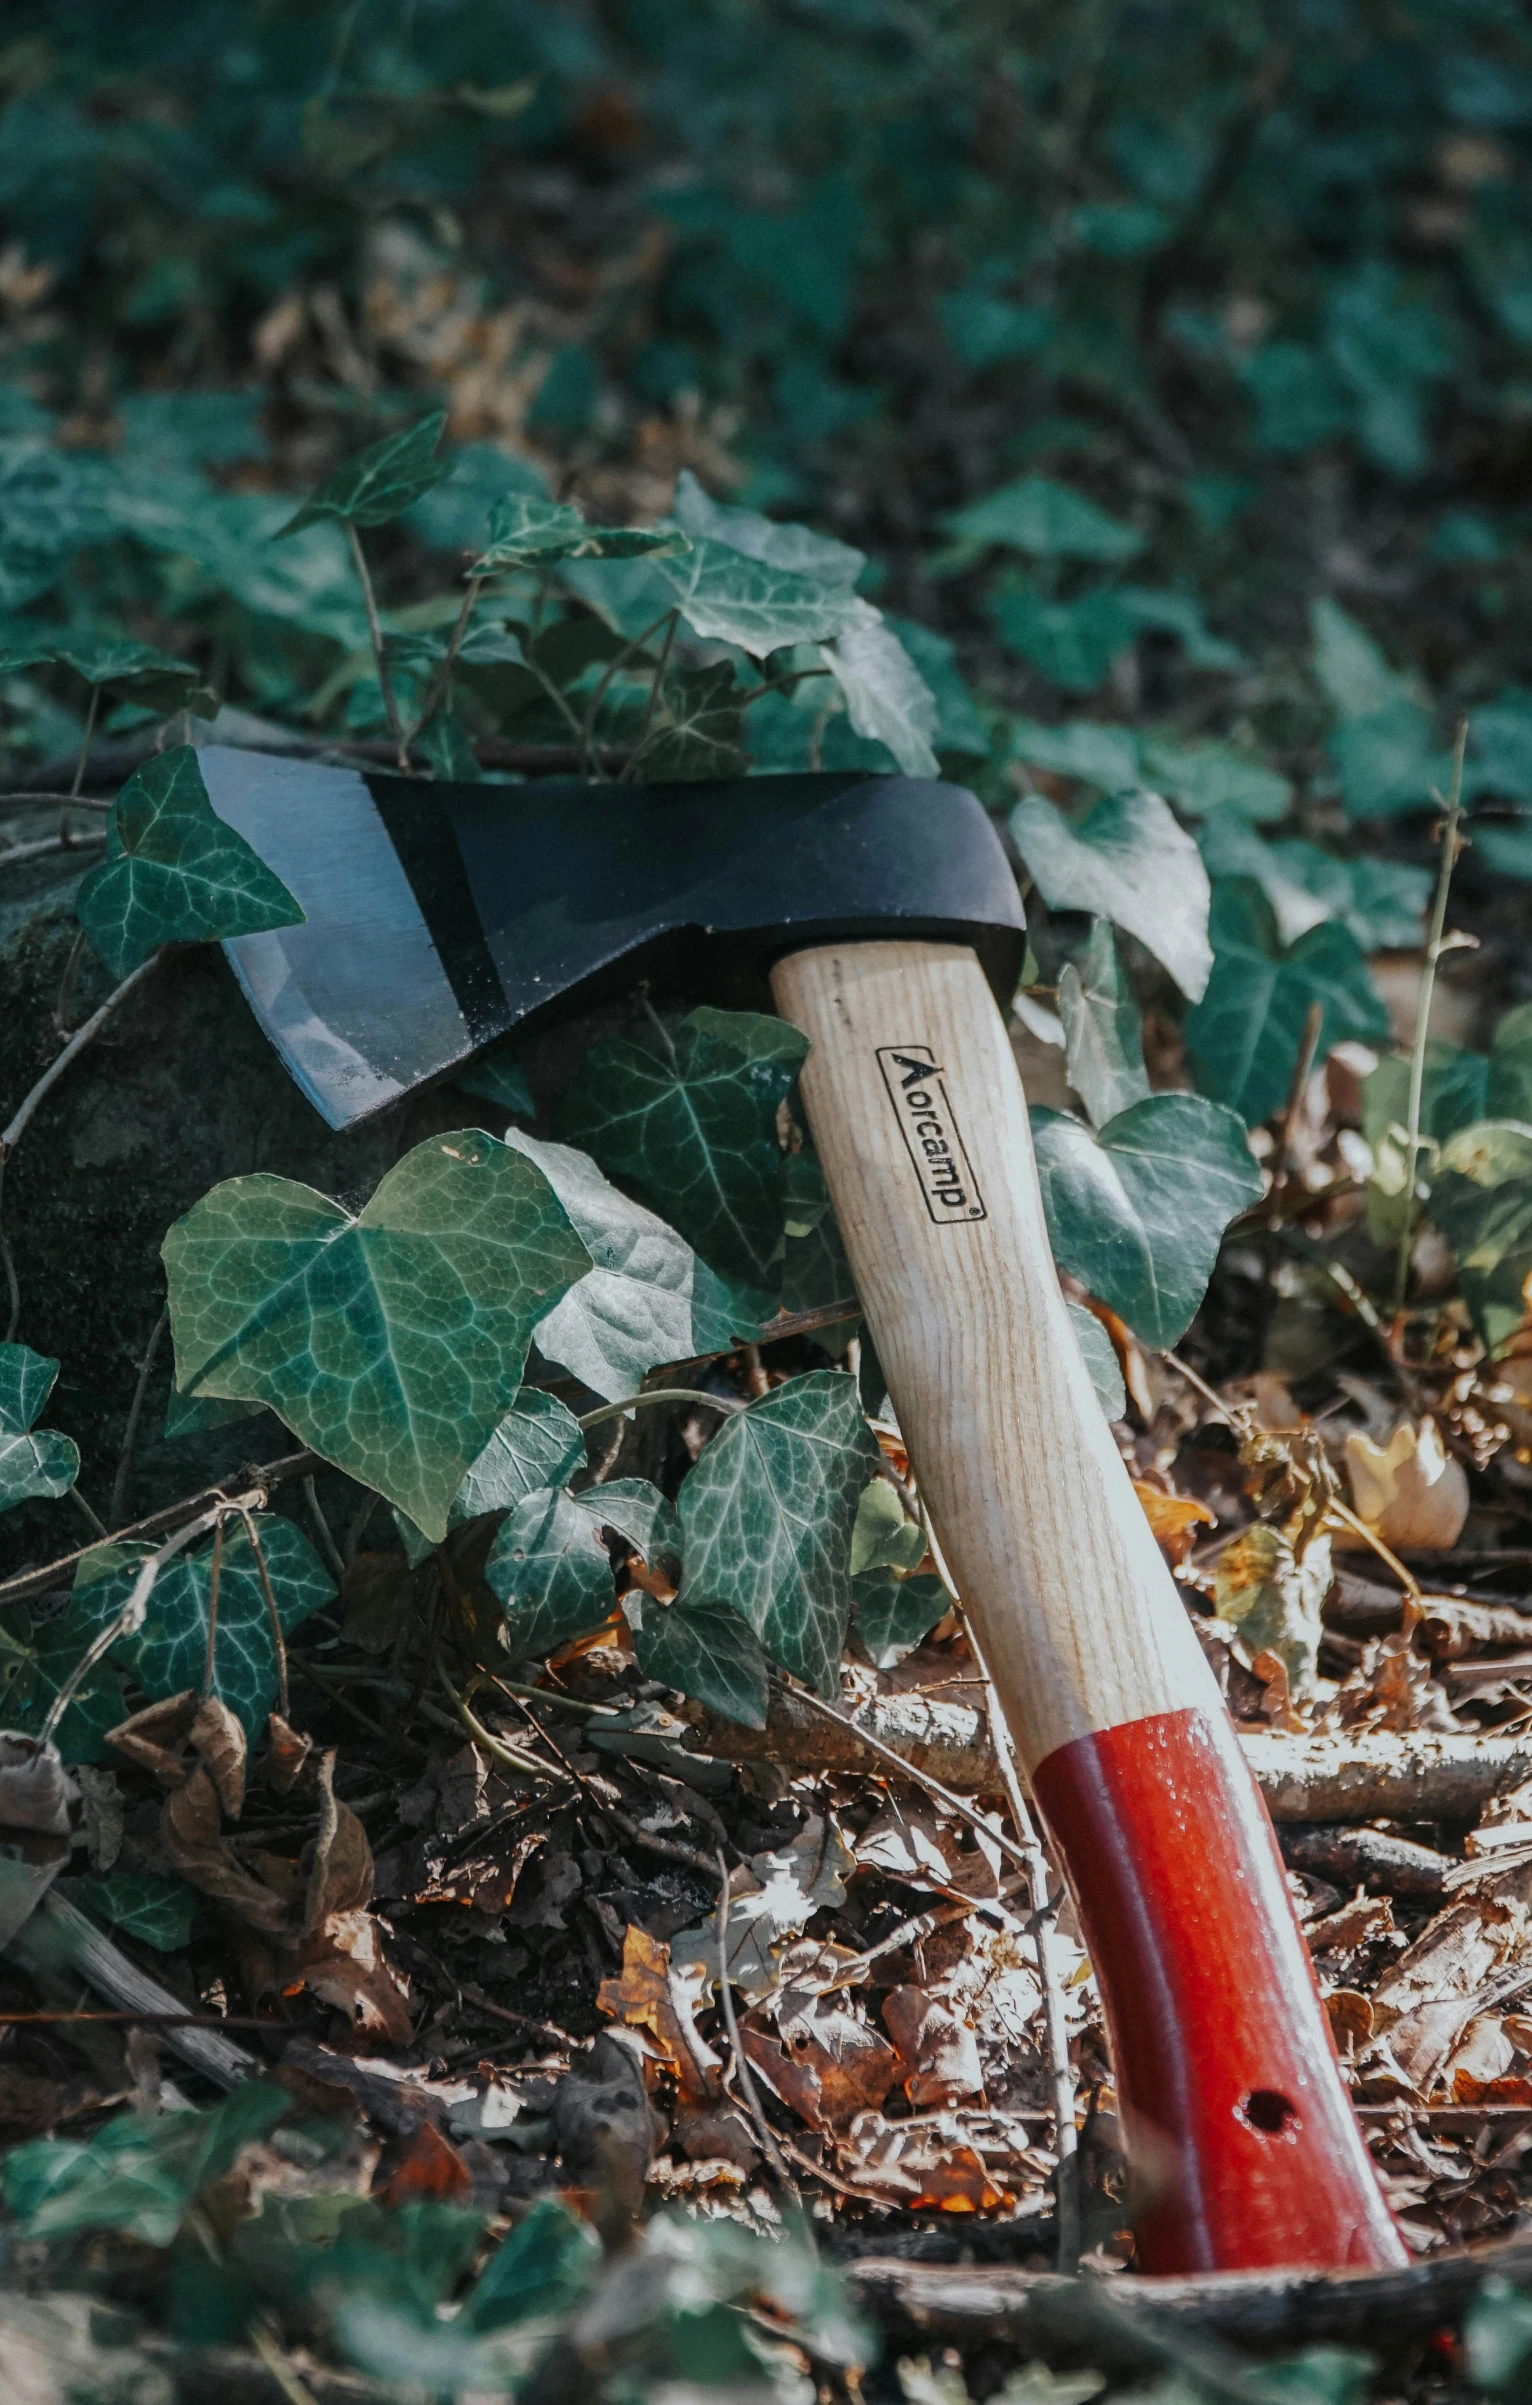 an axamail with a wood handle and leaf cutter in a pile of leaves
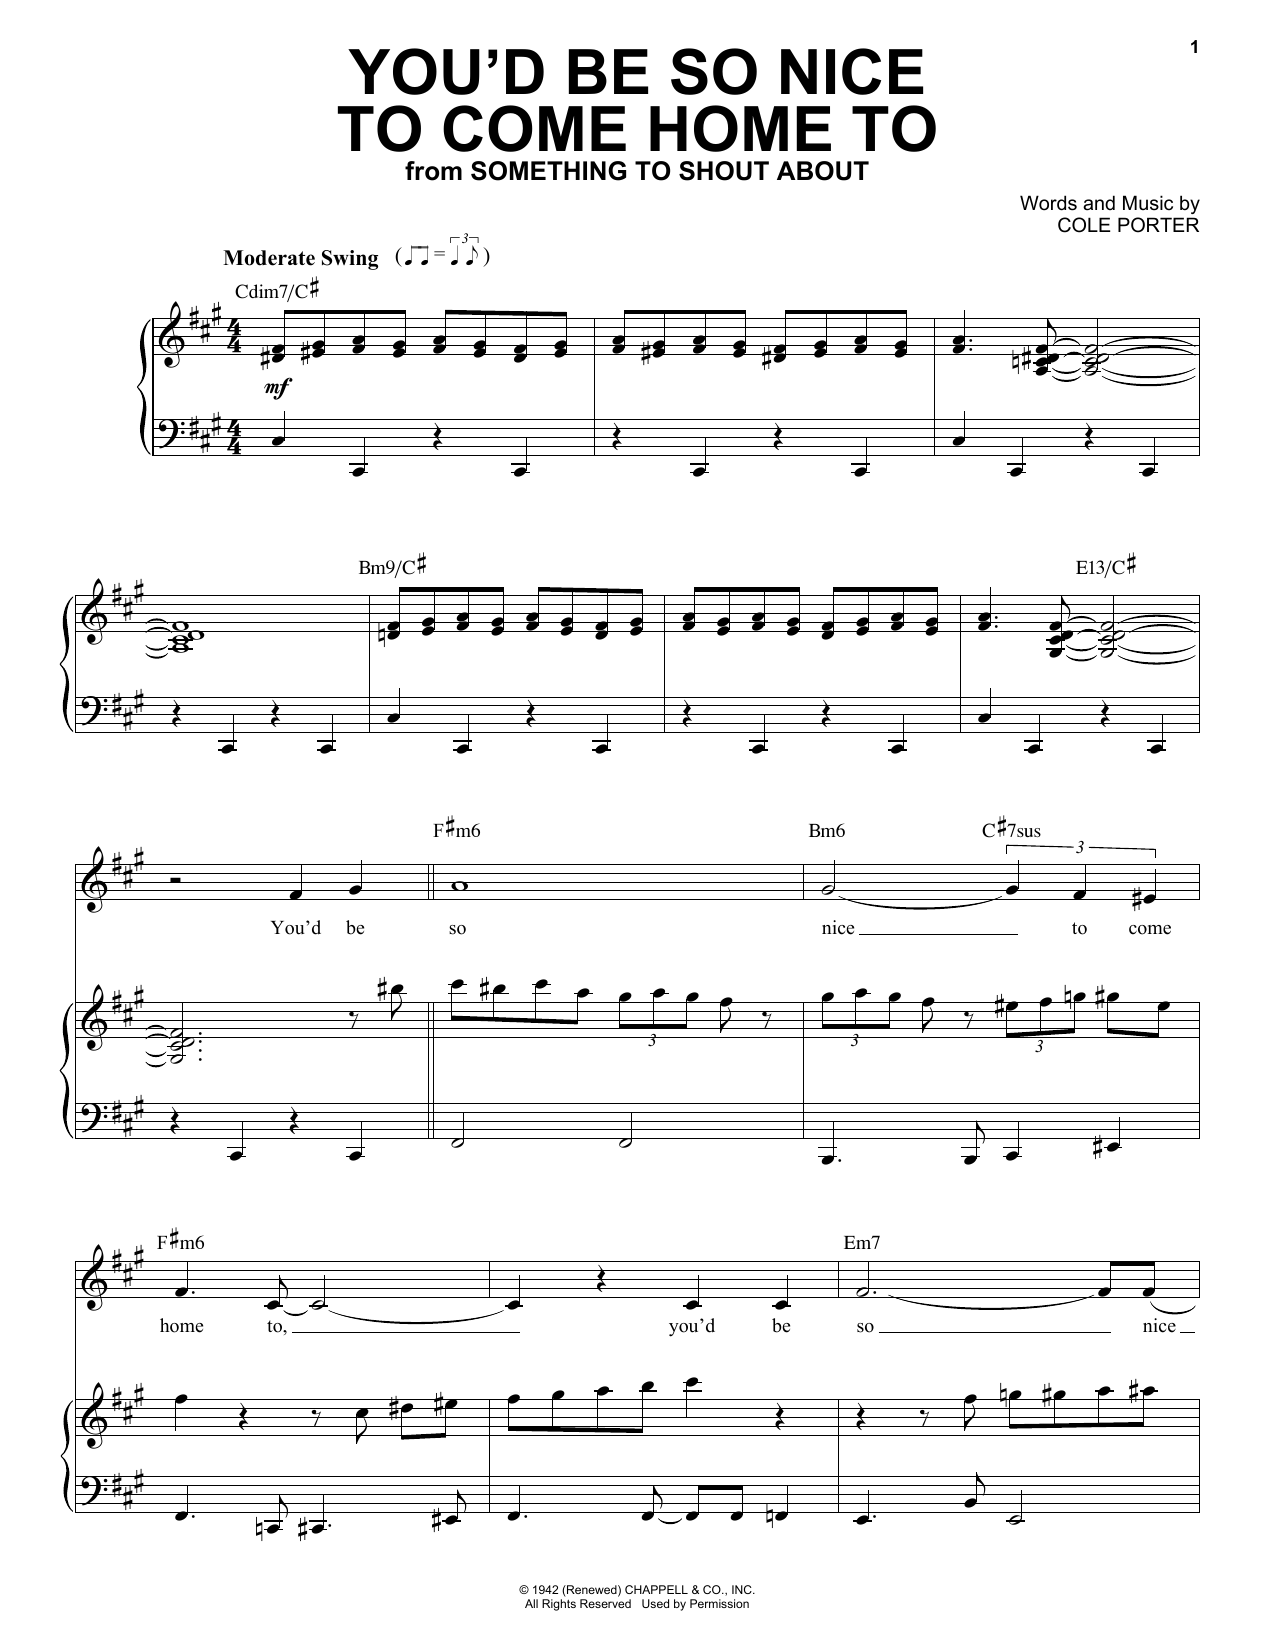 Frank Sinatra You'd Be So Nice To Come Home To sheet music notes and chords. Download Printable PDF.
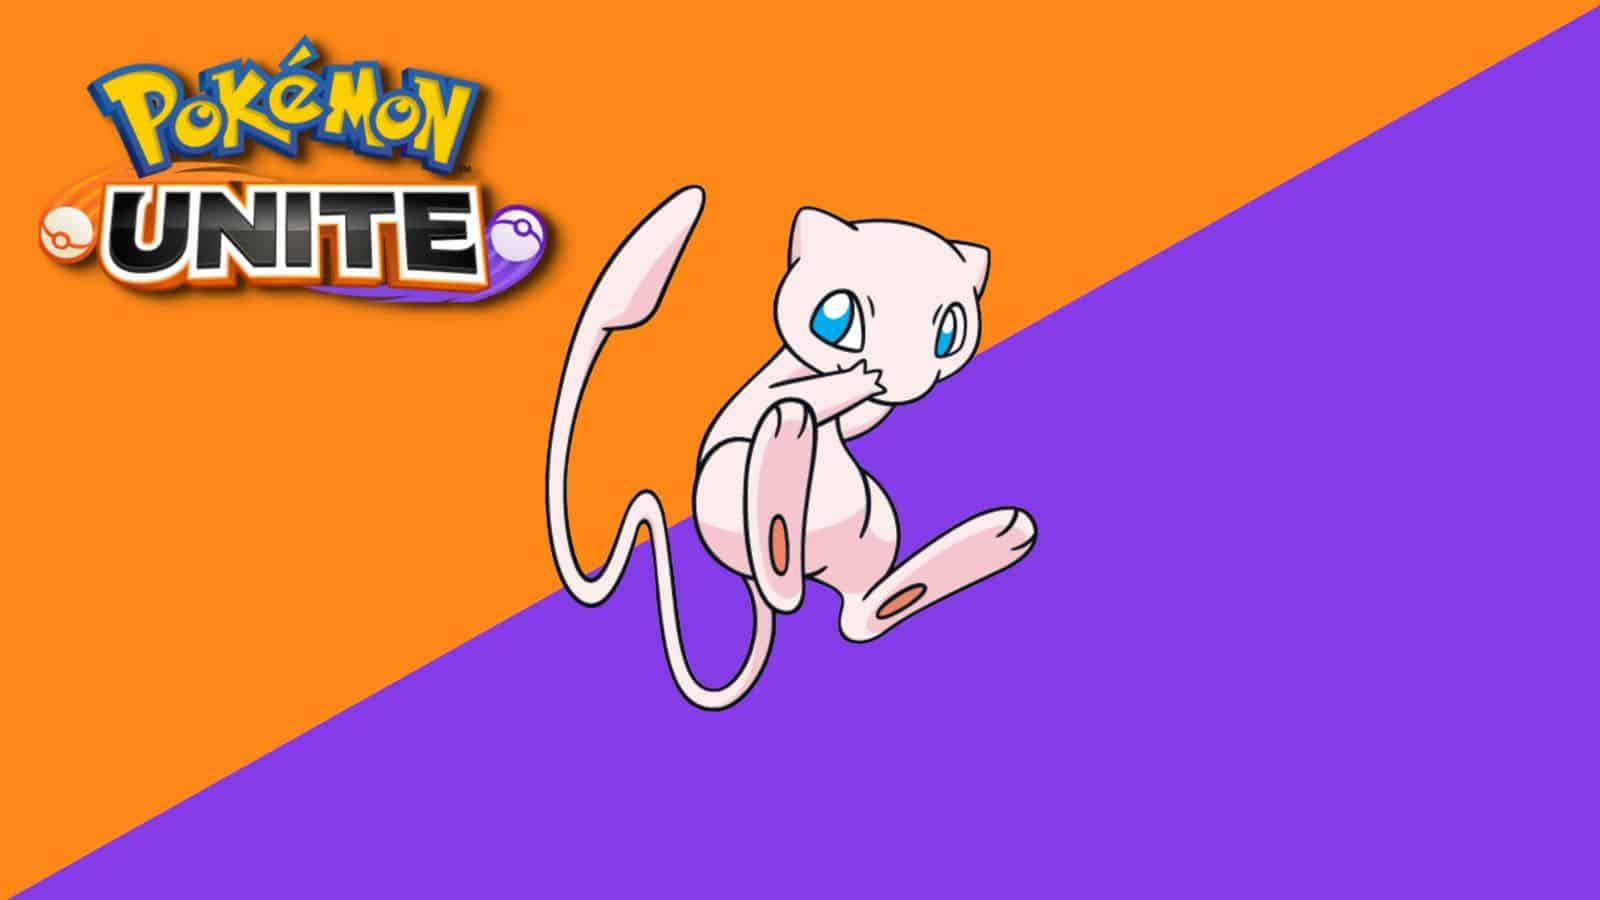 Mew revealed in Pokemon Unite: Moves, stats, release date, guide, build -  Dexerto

### Your objective
Return every line above exactly, omitting images.

### Exercise response
 an axamail with a wood handle and leaf cutter in a pile of leaves
 Frank Sinatra You'd Be So Nice To Come Home To sheet music notes and chords. Download Printable PDF.
 Mew revealed in Pokemon Unite: Moves, stats, release date, guide, build -  Dexerto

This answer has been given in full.